# [GOAL OF THE EXERCISE]
Copy out the entries below exactly as they stand, but only from the line containing "Archimedes' screw, also" through the line containing "ANATHEMA MARANATHA: Christianity".

# [THE INPUT]
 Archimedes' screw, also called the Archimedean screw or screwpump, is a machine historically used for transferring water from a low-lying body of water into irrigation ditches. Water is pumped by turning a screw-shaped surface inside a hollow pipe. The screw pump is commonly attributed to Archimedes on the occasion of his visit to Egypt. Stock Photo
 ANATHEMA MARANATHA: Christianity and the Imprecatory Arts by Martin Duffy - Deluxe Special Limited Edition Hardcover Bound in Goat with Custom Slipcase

* * *

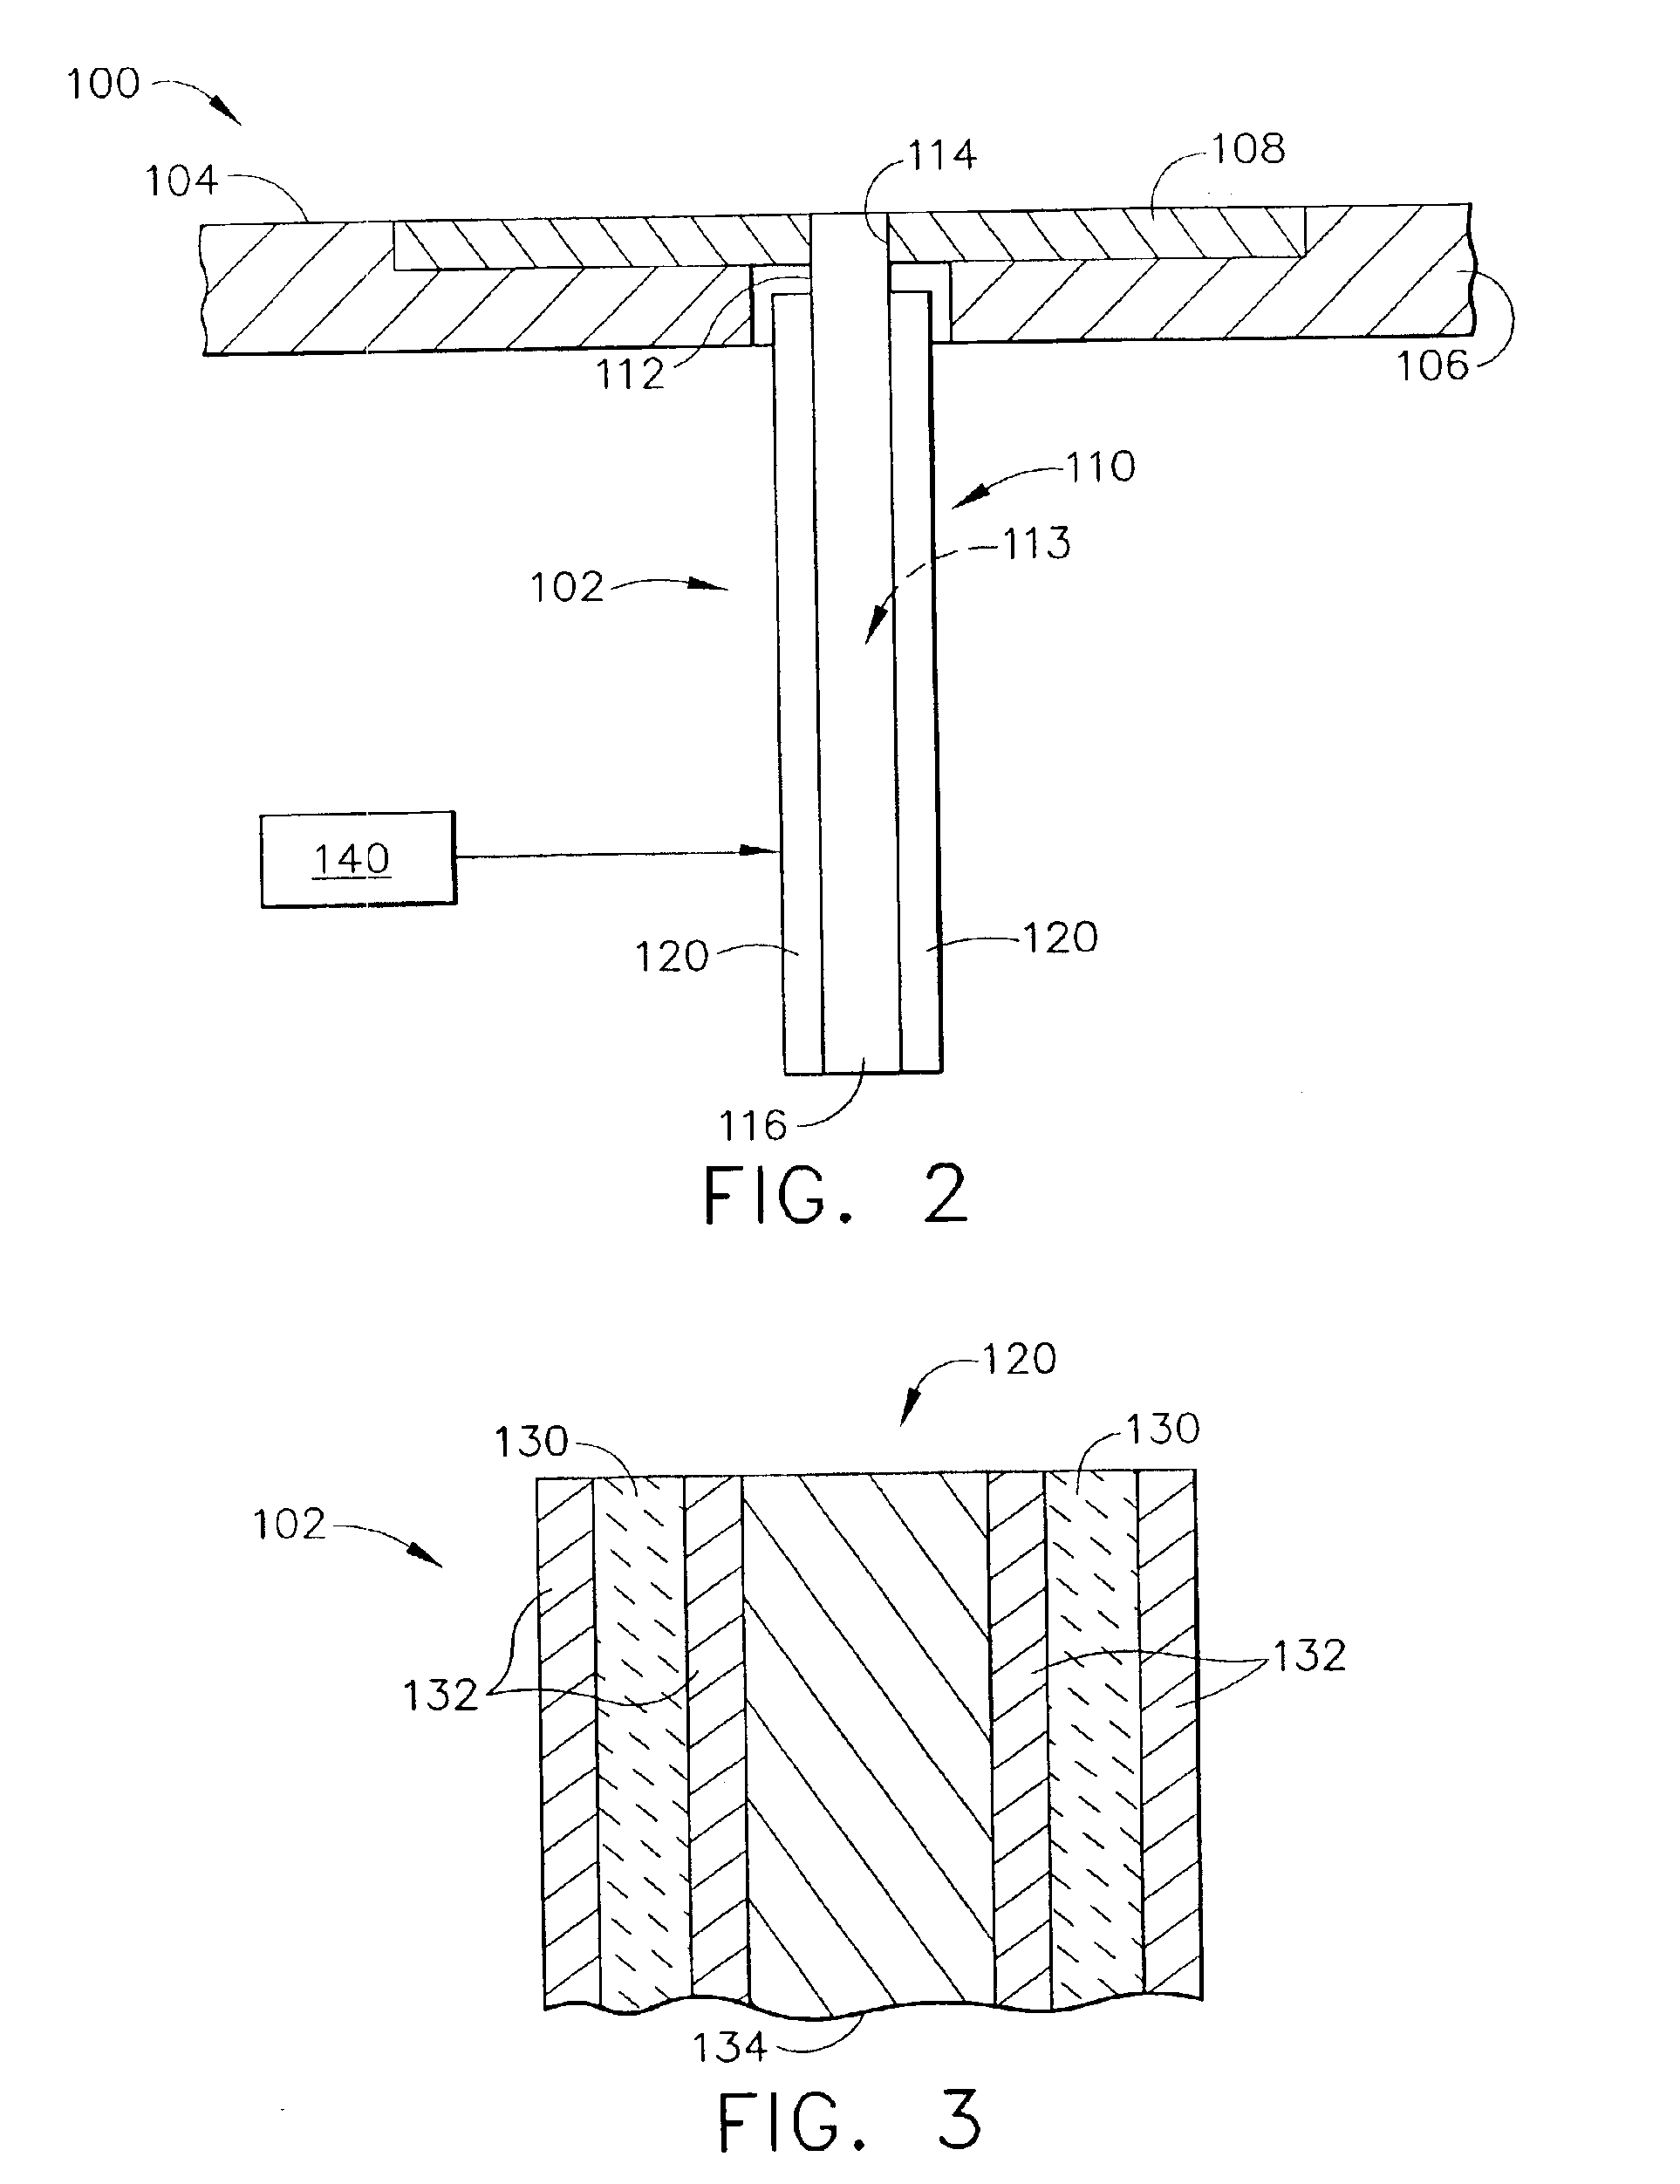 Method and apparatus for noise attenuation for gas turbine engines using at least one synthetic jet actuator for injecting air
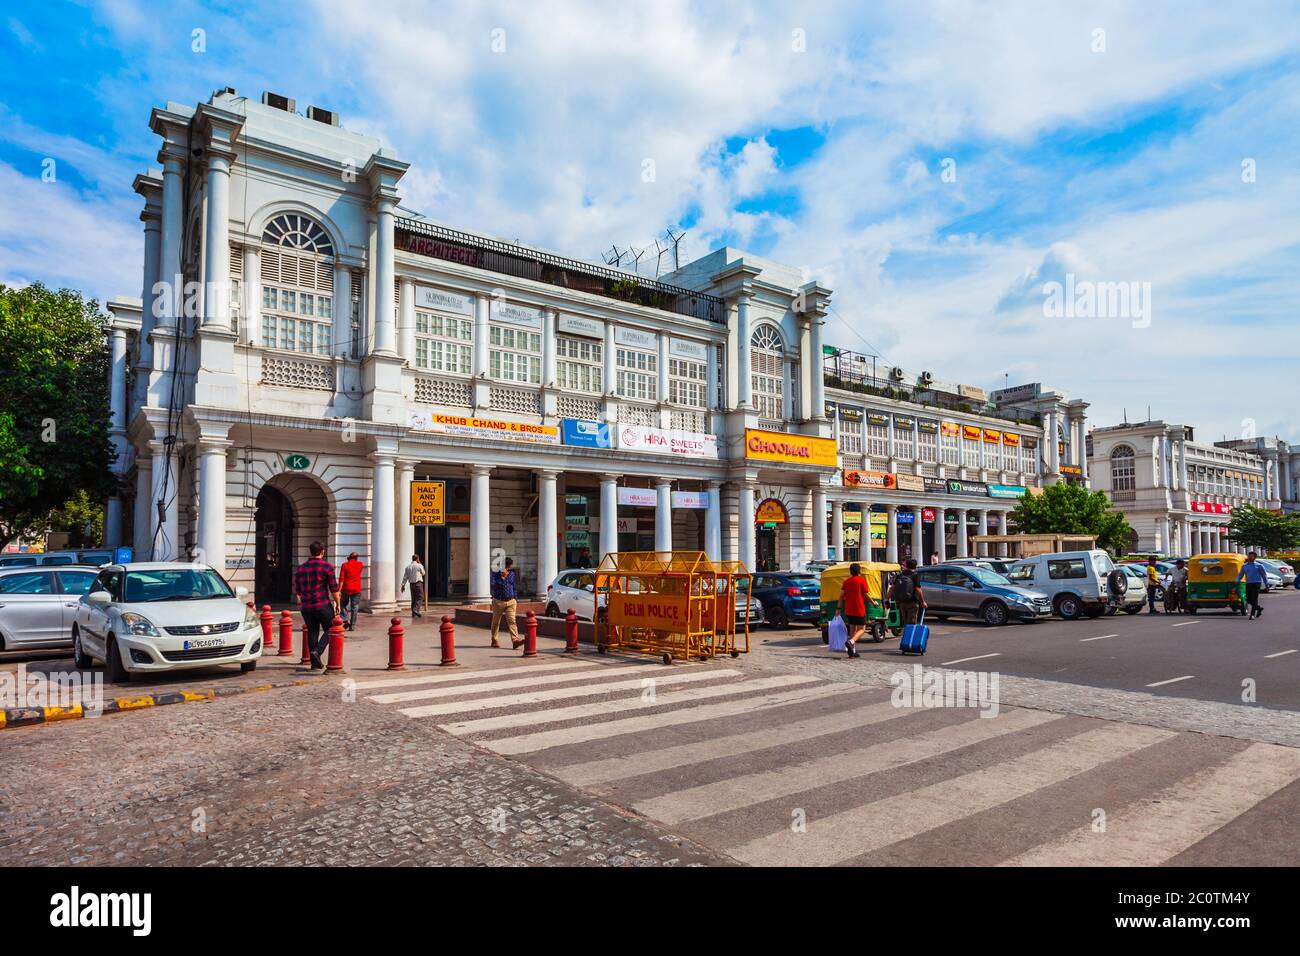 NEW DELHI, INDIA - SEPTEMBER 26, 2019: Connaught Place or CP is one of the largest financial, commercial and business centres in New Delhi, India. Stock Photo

...

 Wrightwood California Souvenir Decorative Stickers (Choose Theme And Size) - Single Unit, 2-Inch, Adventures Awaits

# [EXERCISE SOLUTION]
 Archimedes' screw, also called the Archimedean screw or screwpump, is a machine historically used for transferring water from a low-lying body of water into irrigation ditches. Water is pumped by turning a screw-shaped surface inside a hollow pipe. The screw pump is commonly attributed to Archimedes on the occasion of his visit to Egypt. Stock Photo
 ANATHEMA MARANATHA: Christianity and the Imprecatory Arts by Martin Duffy - Deluxe Special Limited Edition Hardcover Bound in Goat with Custom Slipcase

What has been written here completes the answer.